Based upon our present results, active immunotherapy with the anti-idiotype vaccine racotumomab, targeting NeuGc-containing gangliosides, may be feasible in children with high-risk neuroblastoma. The wide expression of NeuGc-GM3 and the favorable toxicity profile of racotumomab [11-14] may make it an attractive option for clinical use. Our results were used as background for launching a Phase I evaluation of racotumomab in children with neuroectodermal tumors in our hospital. However, these results should be considered preliminary since a more detailed study on the expression of NeuGc-GM3 in different subsets of neuroblastoma is necessary. In addition, since expression of this gangliosides by neuroblastoma cells may be related to dietary uptake, different expression patterns in infants may be evident.
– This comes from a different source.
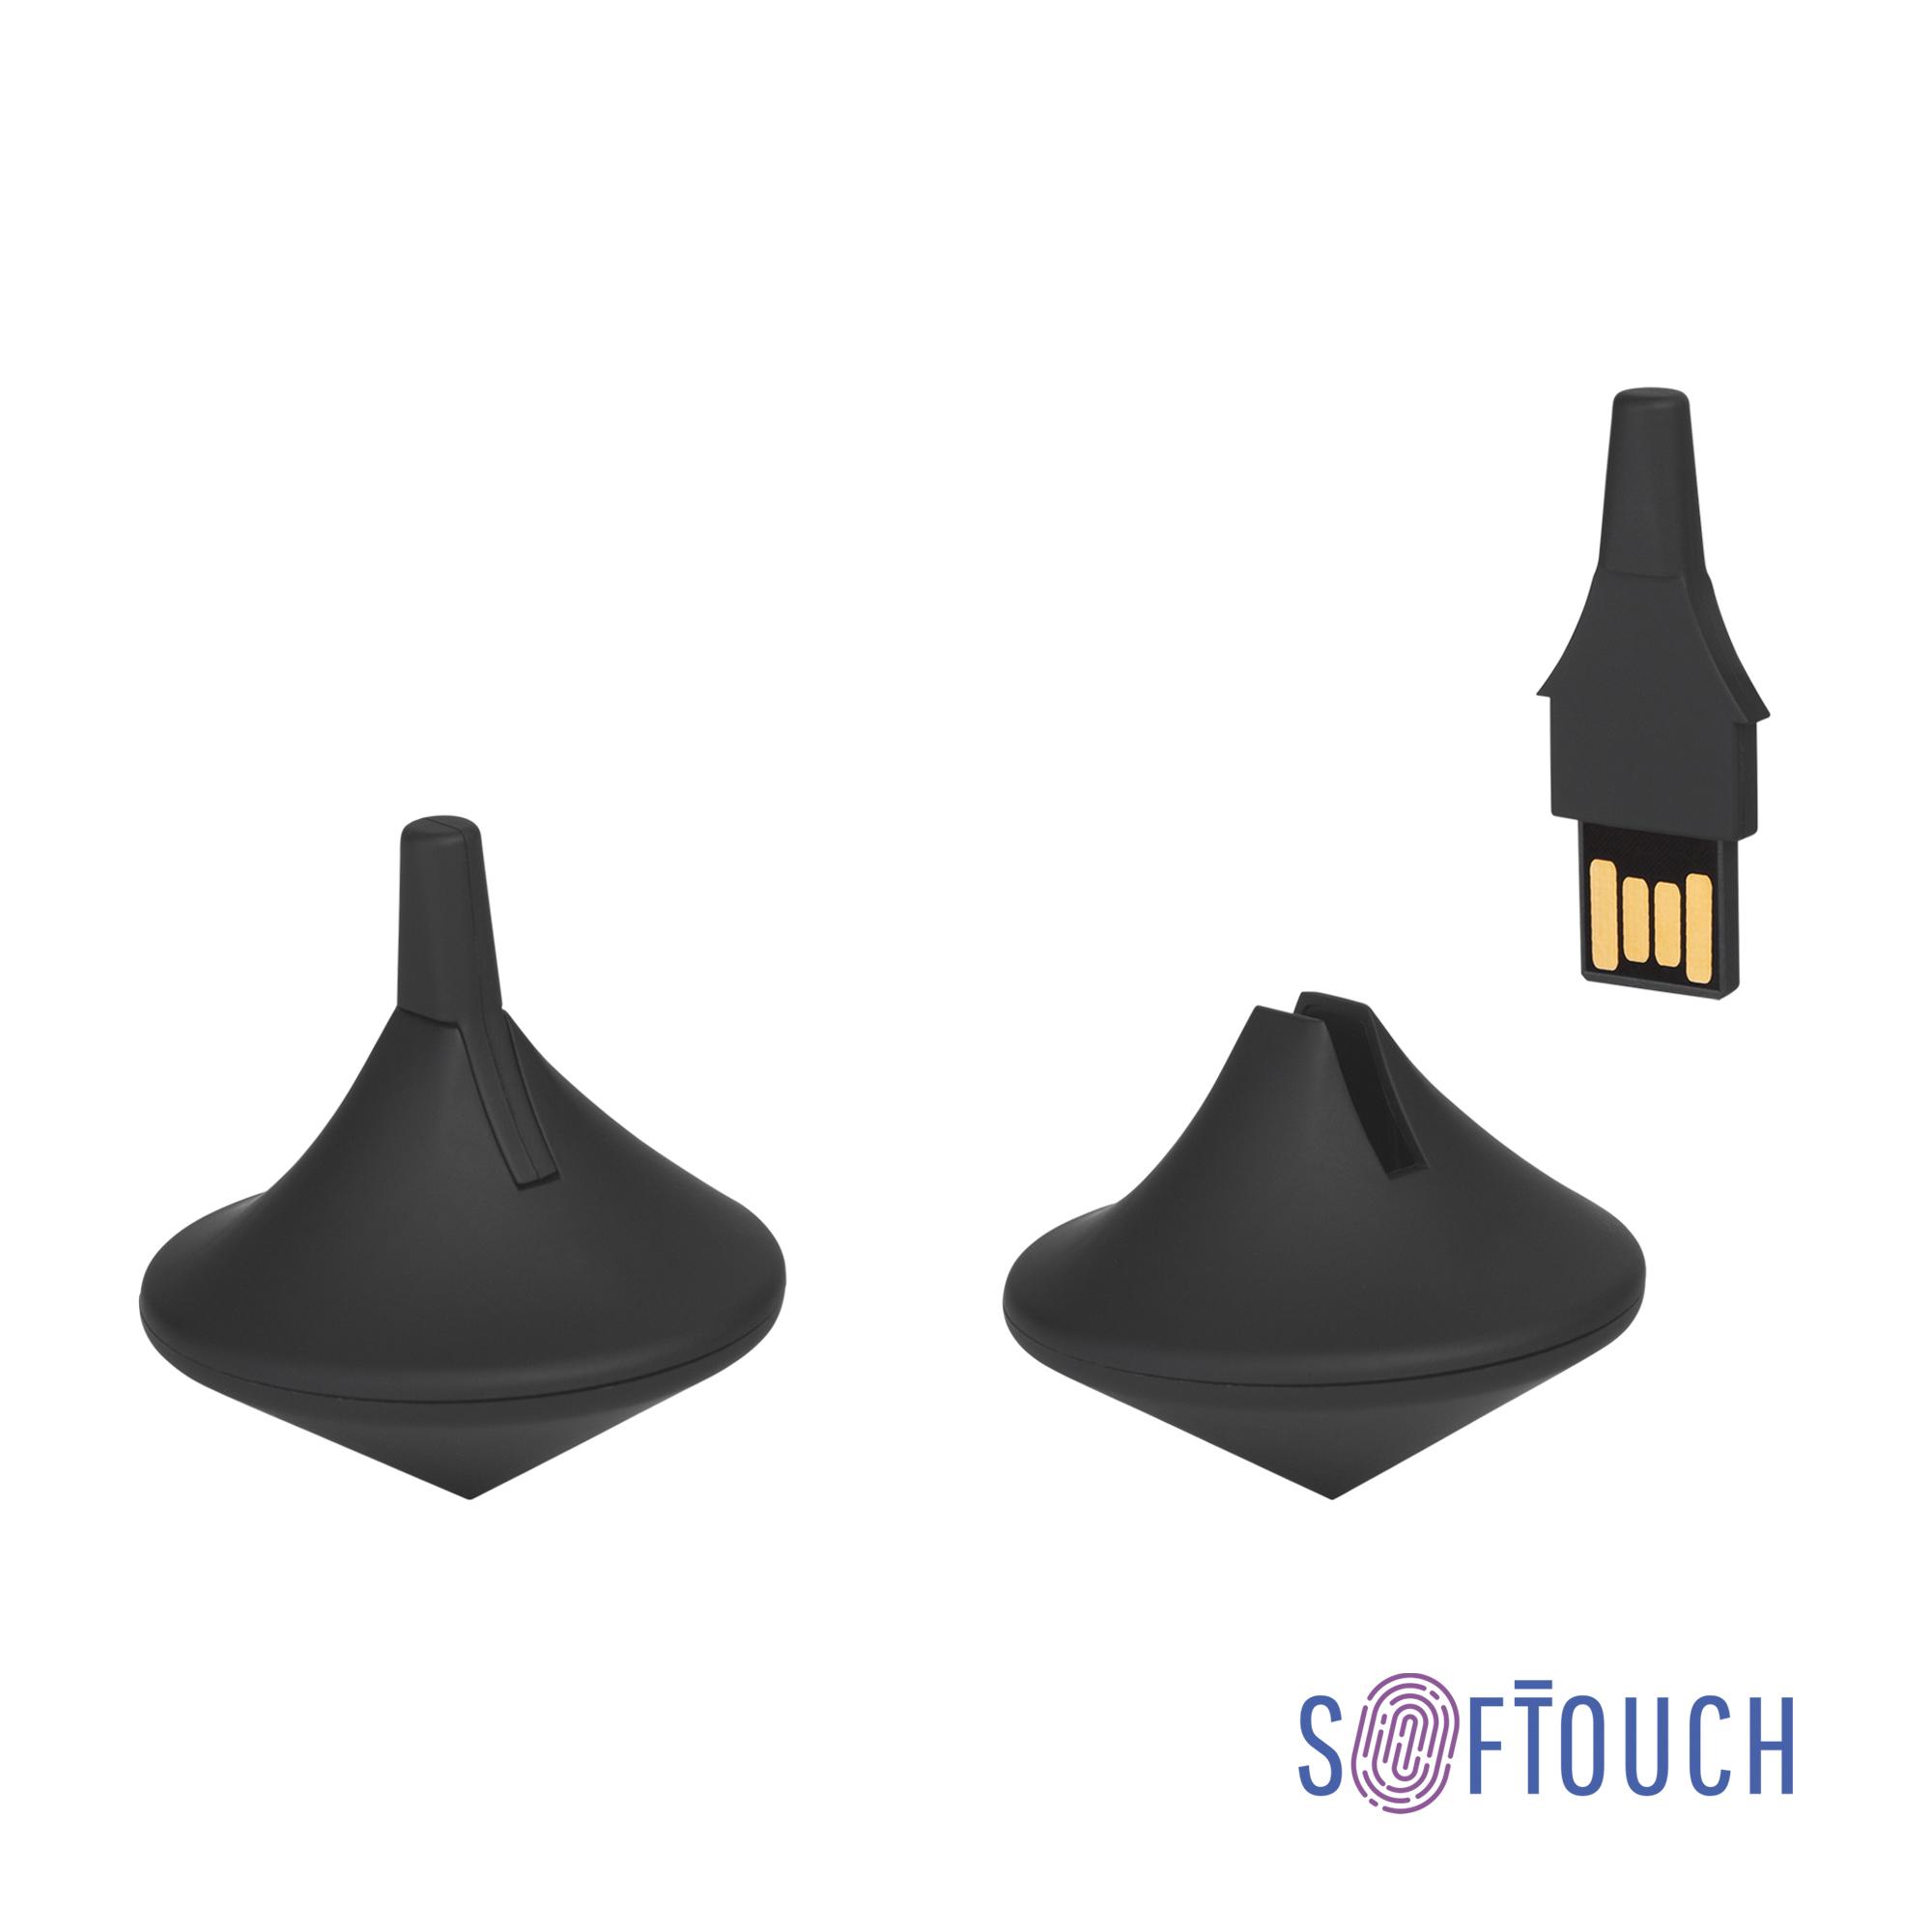 Флеш-карта-антистресс "Volchok", объем памяти 16GB, темно-синий, покрытие soft touch, цвет черный

In our series, the use of preoperative chemotherapy may have changed the histopathological appearance and immunoreactivity. For instance, tumor cell subpopulations expressing NeuGc-GM3 may not be easily detectable in necrotic tumors after chemotherapy. As hypoxia-resistant cancer cells are known to have diminished response to chemotherapy, it is important to find potential target molecules for novel antitumor strategies [32]. In this context, resistant cancer cells could overexpress NeuGc-containing gangliosides under hypoxic conditions [33], but our study was not designed to assess this phenomenon. The ability of young children affected with neuroblastoma to develop an effective immune response to racotumomab vaccination may be limited, and this is also a focus of our current research.

In contrast to GD2 that is normally expressed in neural tissue of young children, NeuGc-containing gangliosides, including NeuGc-GM3, are virtually absent in normal human tissues, making these gangliosides immunogenic. In fact, antibodies that recognize NeuGc residues appear after administration of animal serum to humans [34]. Therefore, NeuGc-targeted immunotherapy may be considered an interesting candidate in neuroblastoma or other pediatric tumors such as ESFT. Although the number of cases is small, the present characterization of a specific neoantigen in neuroectodermal tumors may be of value for the design of immunotherapeutic protocols.